Although Gordon's answer is definitely shorter and almost certainly faster as well, I was toying with the idea on how to minimize the code change when the number of combinations increase.

And I can come up with is something for Postgres which is by no means shorter, but more "change-friendly":

with recursive params (val) as (
   values (1),(2),(3) -- these are the input values
), all_combinations as (
   select array[val] as elements
   from params
   union all
   select ac.elements||p.val
   from params p
     join all_combinations ac 
       on array_length(ac.elements,1) < (select count(*) from params)
)
select *
from the_table
where array[id1,id2,id3] = any (select elements from all_combinations);

What does it do?

First we create a CTE holding the values we are looking for, the recursive CTE then builds a list of all possible permutations from those values. This list will include too many elements because it will also hold arrays with 1 or two elements.

The final select that puts the columns that should be compared into an array and compares that with the permutations generated by the CTE.

Here is a SQLFiddle example: http://sqlfiddle.com/#!15/43066/1

When the number of values (and columns) increase you only need to add the new value to the values row constructor and add the additional column to the array of columns in the where condition.

  • I was reading about recursive in PostgreSQL and wondering how to use it to do the job. thanks for sharing. – Gabriel Mazetto Mar 05 '14 at 20:43
  • @GabrielMazetto It's not only the CTE but also the efficiency of arrays in Postgres that really helps here. I would probably put the permutation generation (the two CTEs) into a function if that was something that is used very often. You then can simply write: `select * from the_table where array[id1,id2,id3] = any (select elements from generate_permutation(1,2,3)` –  Mar 05 '14 at 20:50
  • If you sort the array, you can reduce to a single equality check. – Erwin Brandstetter Mar 05 '14 at 23:05
1

Using a naive approach, I would use the in clause for this job, and since there should not be any repetition, exclude when the fields repeat.

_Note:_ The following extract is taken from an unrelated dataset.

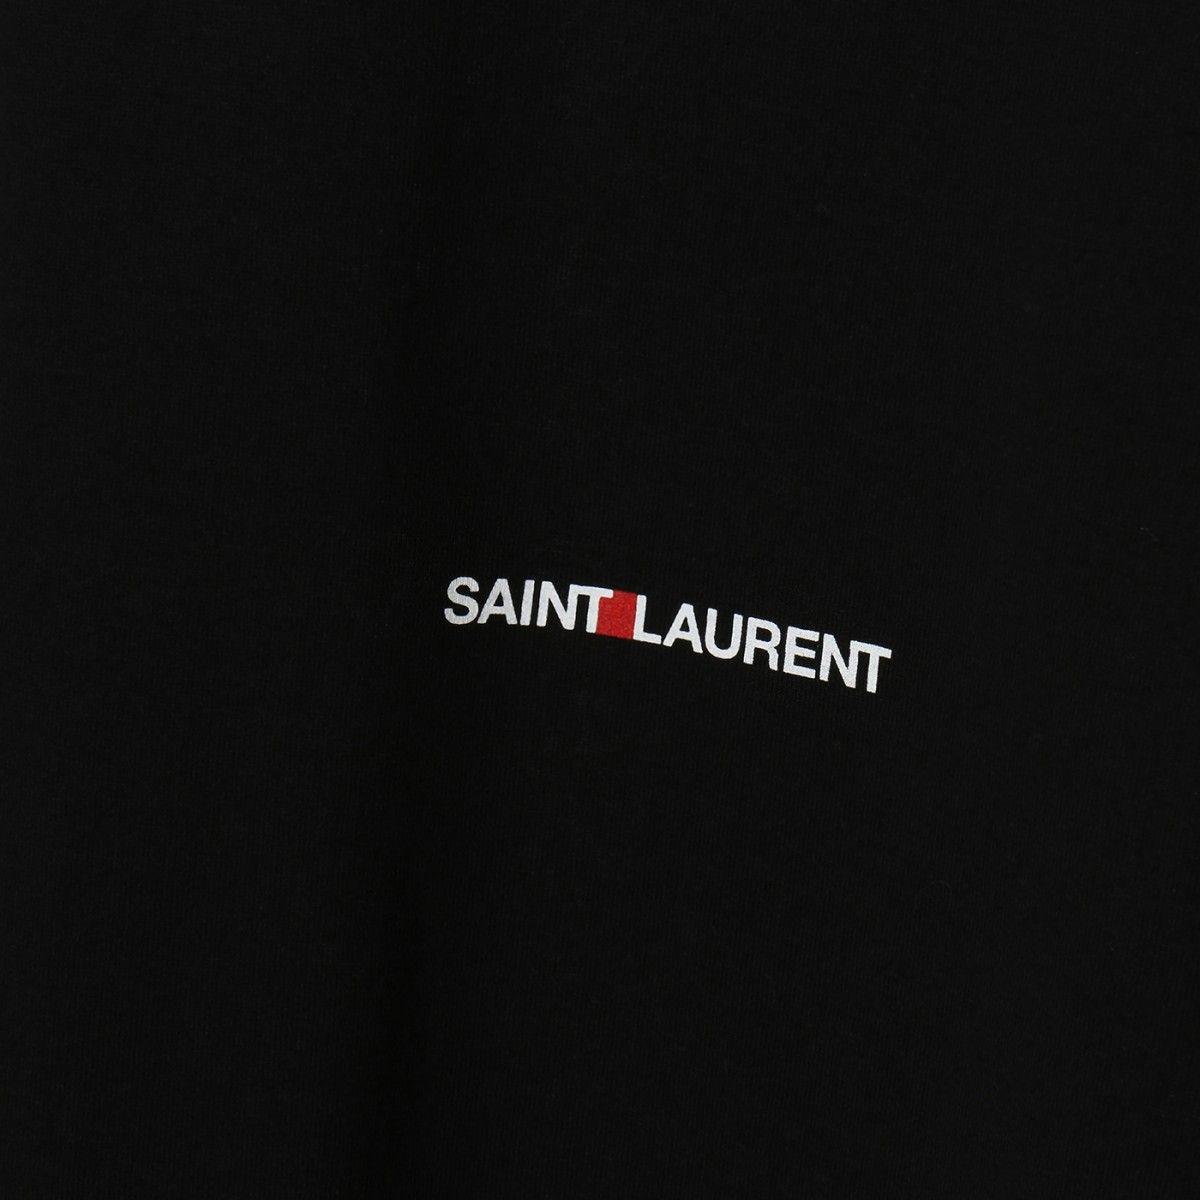 Saint Laurent Logo - Saint Laurent logo t shirt

There is also some optimisations you could do.

First you can exclude the last field, since:

A <> B, A <> C
A <> B, B <> C, 

Also means that:

C <> B,  C <> A

And also, the following queries doesn't need a previously queried field, since:

A <> B == B <> A

The query would be written as:

SELECT * FROM table
WHERE :val1 in (fieldA, fieldB, fieldC) and
  :val2 in (fieldA, fieldB, fieldC) and
  :val3 in (fieldA, fieldB, fieldC) and
  fieldA not in (fieldB, fieldC) and
  fieldB <> fieldC

This is a naive approach, there are probably others which use the MySQL API, but this one does the job.